### WHAT THE TASK ASKS:
Using the records below, output the stretch that opens with the line containing "Кукла Барби бейсболистка." and closes with the line containing "Disney Frozen Elsa", exactly and including both lines, with nothing more.

### TASK MATERIAL:
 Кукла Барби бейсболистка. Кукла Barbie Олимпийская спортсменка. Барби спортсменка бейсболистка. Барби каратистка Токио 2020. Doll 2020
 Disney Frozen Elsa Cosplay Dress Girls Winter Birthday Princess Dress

* * *

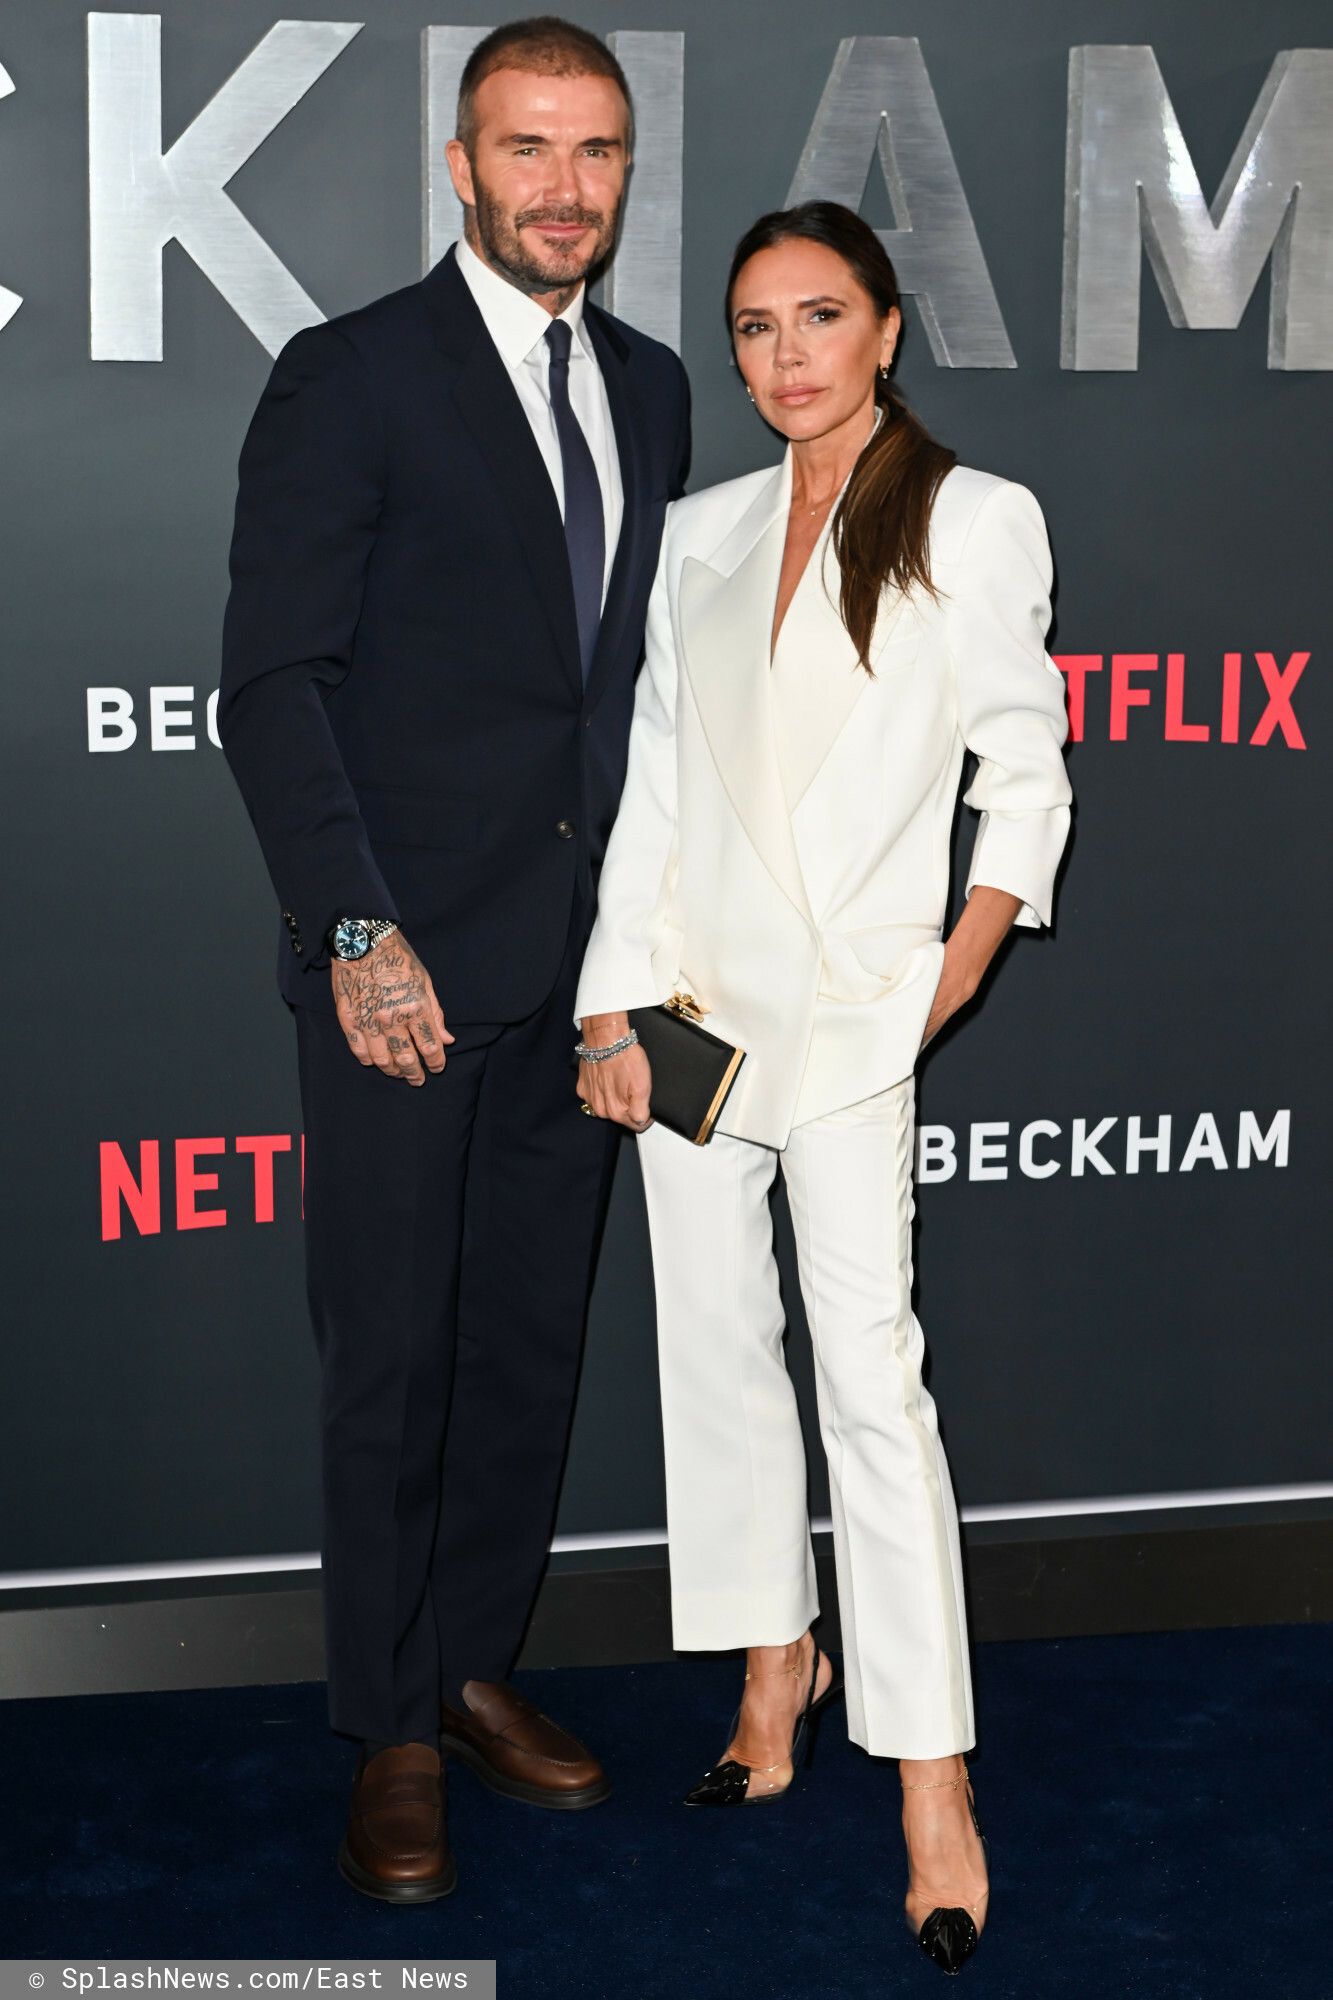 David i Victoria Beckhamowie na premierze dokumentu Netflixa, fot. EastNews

### PROBLEM SOLUTION:
 Кукла Барби бейсболистка. Кукла Barbie Олимпийская спортсменка. Барби спортсменка бейсболистка. Барби каратистка Токио 2020. Doll 2020
 Disney Frozen Elsa Cosplay Dress Girls Winter Birthday Princess Dress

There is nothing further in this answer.